Vision Transformer Based User Equipment Positioning
This work addresses positioning accuracy for wireless communication systems, representing an incremental improvement over existing deep learning methods.
The paper tackles the problem of user equipment positioning using deep learning by proposing a Vision Transformer architecture that focuses on Angle Delay Profile from Channel State Information, achieving an RMSE of 0.55m indoors and 13.59m outdoors on the DeepMIMO dataset, and outperforming state-of-the-art schemes by approximately 38%.

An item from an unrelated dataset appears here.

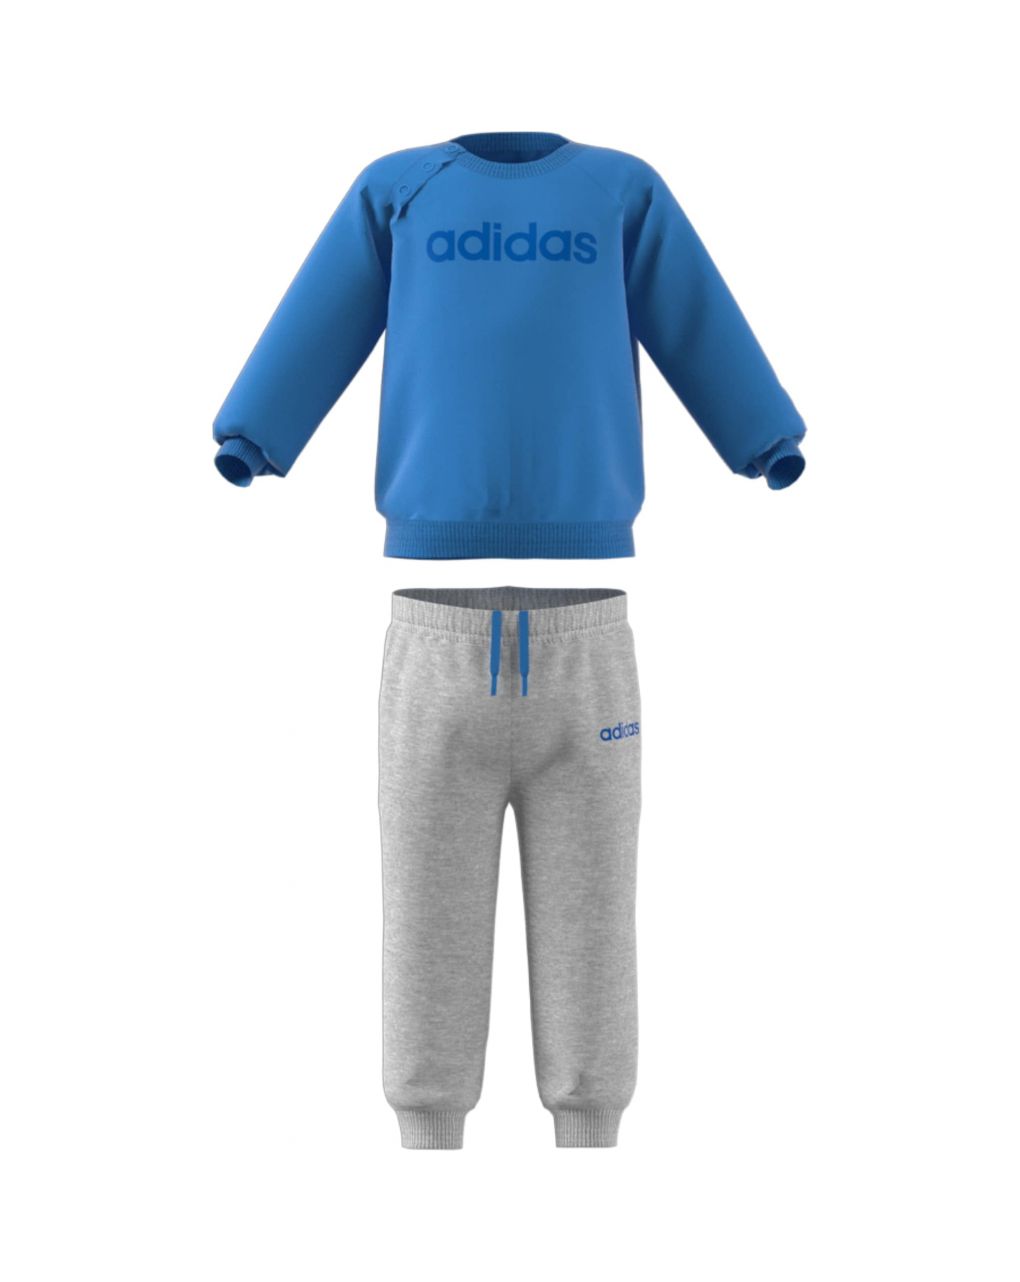 Adidas σετ φορμασ baby boy - ei7963 - Adidas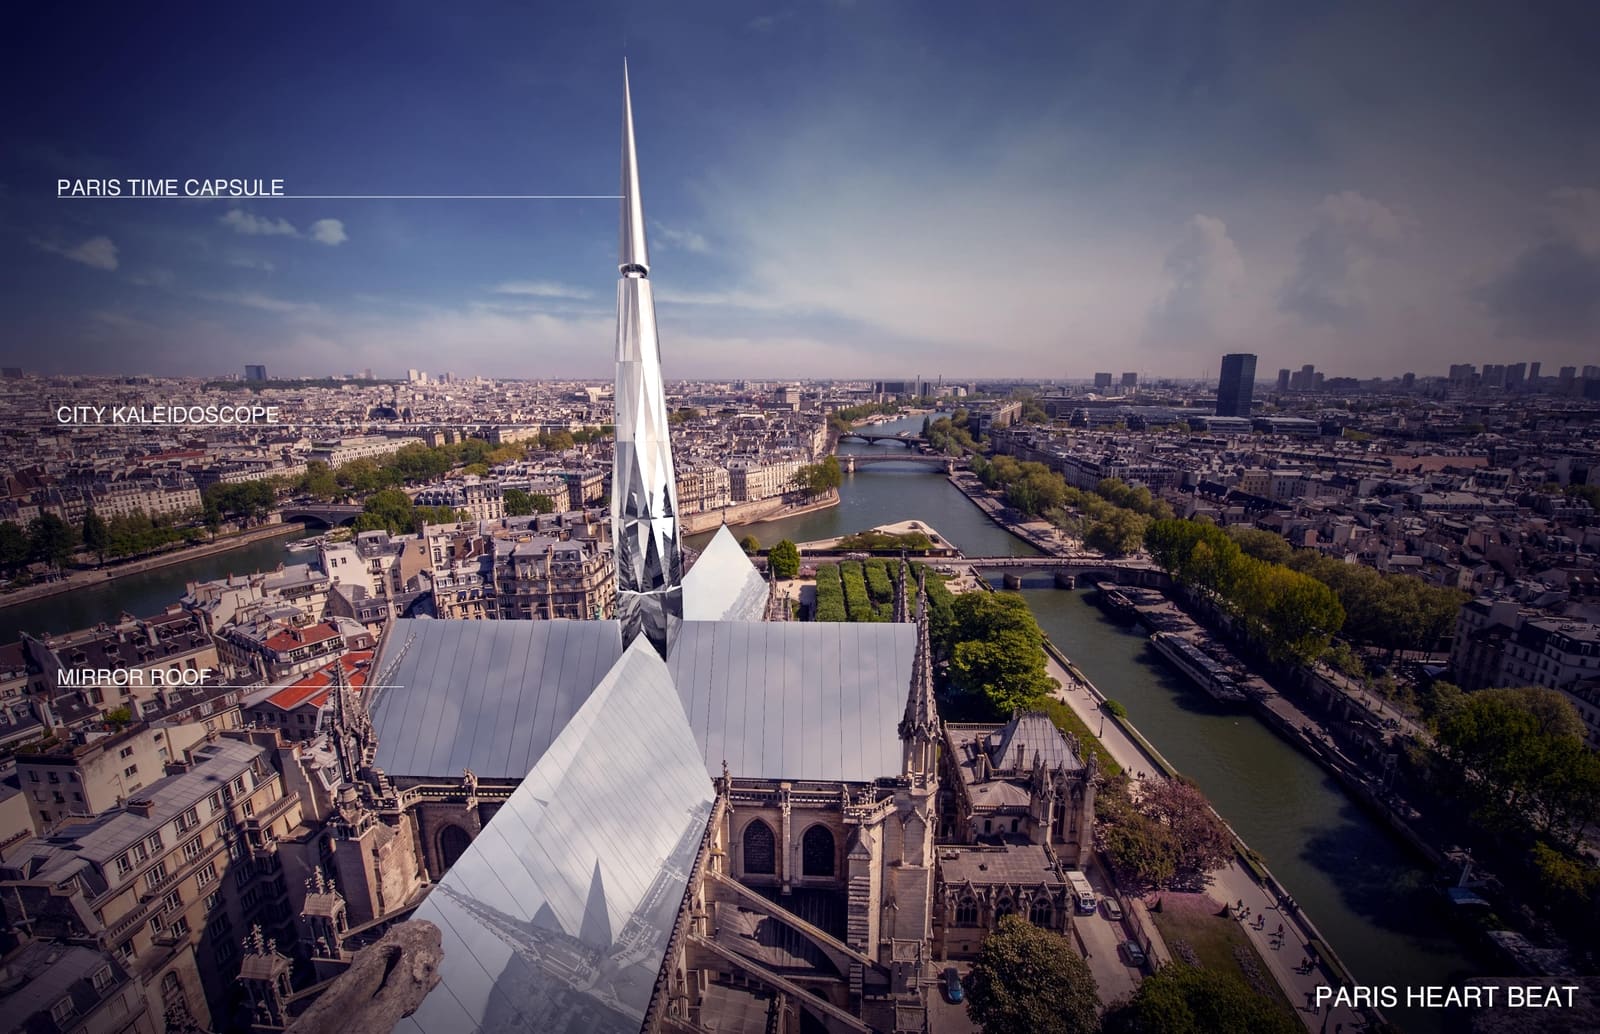 The other day evolution Aviation Deux architectes chinois remportent le concours de design pour Notre-Dame

Recently, Deep Learning (DL) techniques have been used for User Equipment (UE) positioning. However, the key shortcomings of such models is that: i) they weigh the same attention to the entire input; ii) they are not well suited for the non-sequential data e.g., when only instantaneous Channel State Information (CSI) is available. In this context, we propose an attention-based Vision Transformer (ViT) architecture that focuses on the Angle Delay Profile (ADP) from CSI matrix. Our approach, validated on the `DeepMIMO' and `ViWi' ray-tracing datasets, achieves an Root Mean Squared Error (RMSE) of 0.55m indoors, 13.59m outdoors in DeepMIMO, and 3.45m in ViWi's outdoor blockage scenario. The proposed scheme outperforms state-of-the-art schemes by $\sim$ 38\%. It also performs substantially better than other approaches that we have considered in terms of the distribution of error distance.